As empresas de capital aberto decidiram deixar para a última hora a divulgação dos resultados anuais. De acordo com levantamento realizado pela Gazeta Mercantil com base em dados da BM&F Bovespa, das 160 companhias listadas nos níveis diferenciados de governança corporativa da bolsa (Níveis 1 e 2 e Novo Mercado), apenas três divulgaram os balanços até o momento: Bradesco, Santos Brasil e Satipel. No mesmo período do ano anterior, 13 empresas já haviam apresentado seus números.
Uma das justificativas para o adiamento da entrega dos balanços é o complexo processo de adequação às regras de convergência aos padrões contábeis internacionais (IFRS). O agravamento da crise financeira, porém, alimenta especulações de que algumas empresas se preparam para dar más notícias ao mercado.
O caso mais emblemático é o da Aracruz. Conhecida por tradicionalmente inaugurar a safra de balanços, a produtora de papel e celulose, que sofreu perdas de US$ 2,13 bilhões com apostas equivocadas em derivativos cambiais exóticos, passou para o fim da fila e programou a divulgação dos resultados de 2008 para o dia 27 de março. A Sadia, que também teve prejuízo com derivativos e no ano passado publicou o resultado em 30 de janeiro, agendou a divulgação dos números de 2008 para 27 de fevereiro, data que, provavelmente, deve ser alterada por conta da necessidade de adequações, segundo a assessoria de imprensa da empresa.

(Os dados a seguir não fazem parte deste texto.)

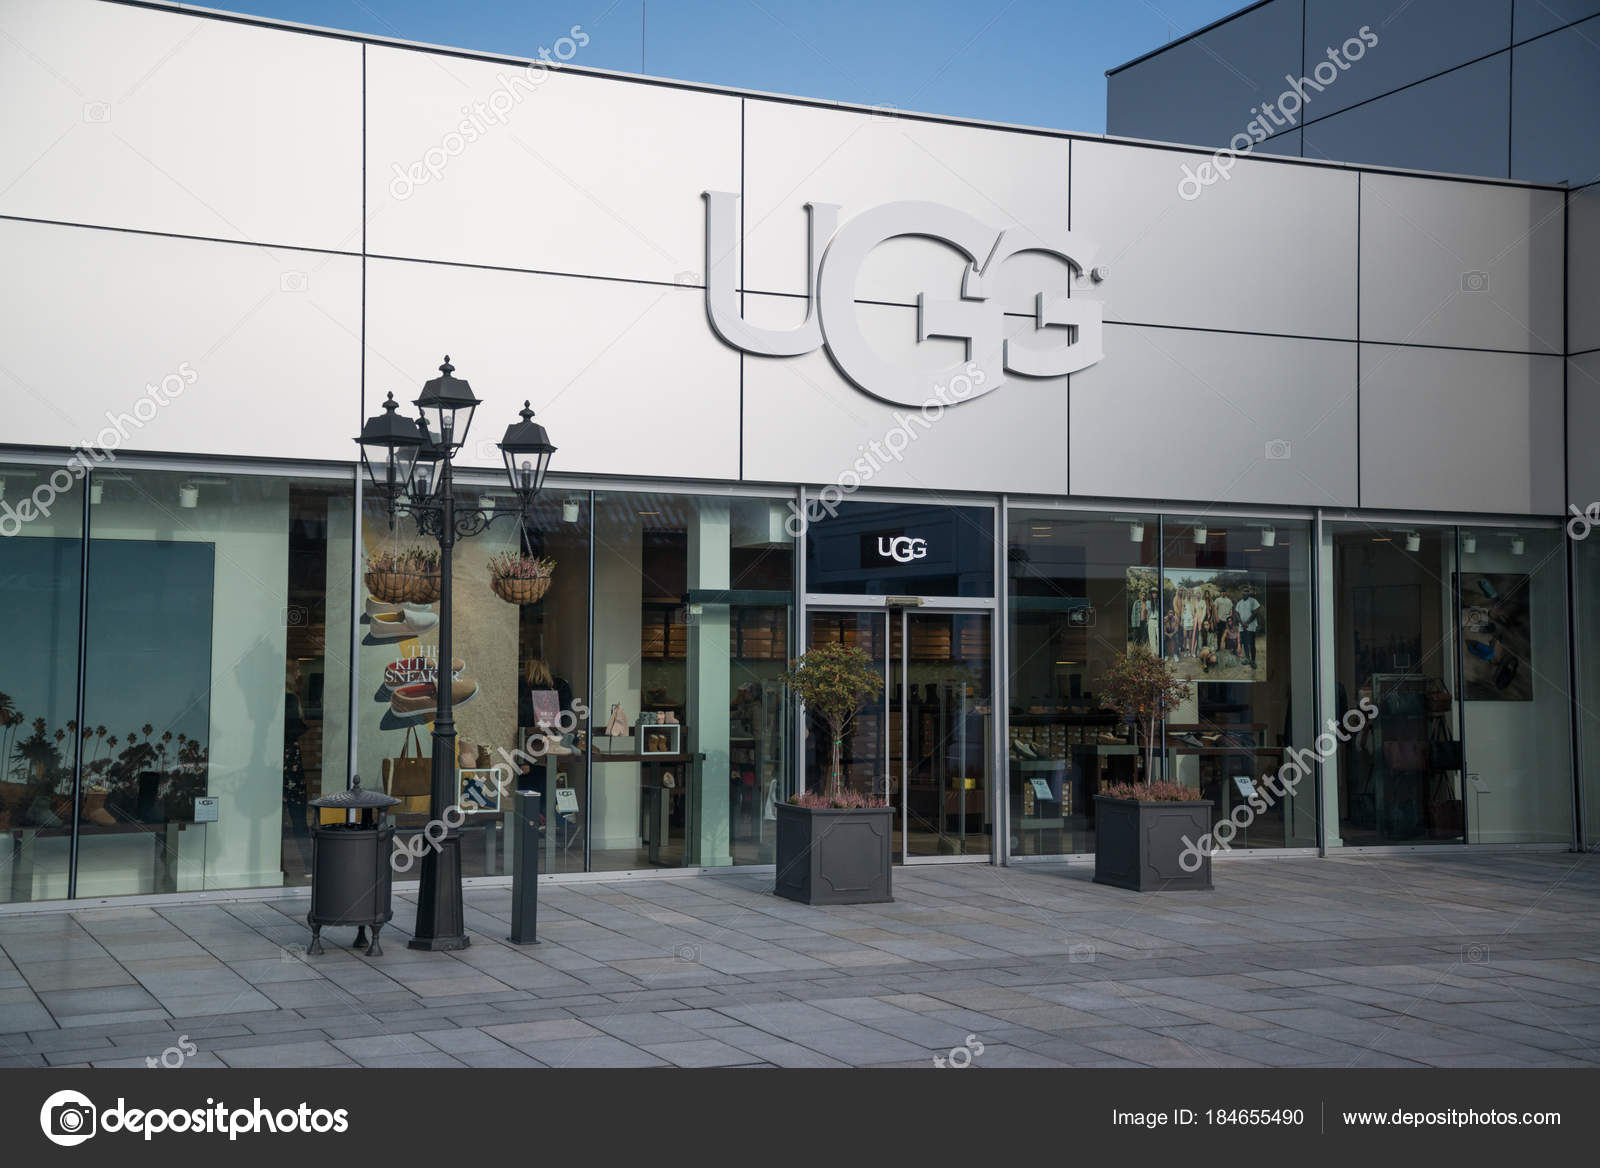 ugg store in woodfield mall

Para a maior parte das empresas, o tempo adicional está sendo usado para adaptar os balanços às novas normas. "Ninguém quer correr o risco de errar e depois ser obrigado a republicar os números", afirma Sergio Romani, sócio da Ernst & Young, ao lembrar que 11 companhias precisaram refazer o balanço do terceiro trimestre, por determinação da Comissão de Valores Mobiliários (CVM). "Se isso ocorreu em um documento simples, como as informações trimestrais, a possibilidade de problemas na demonstração anual é muito maior."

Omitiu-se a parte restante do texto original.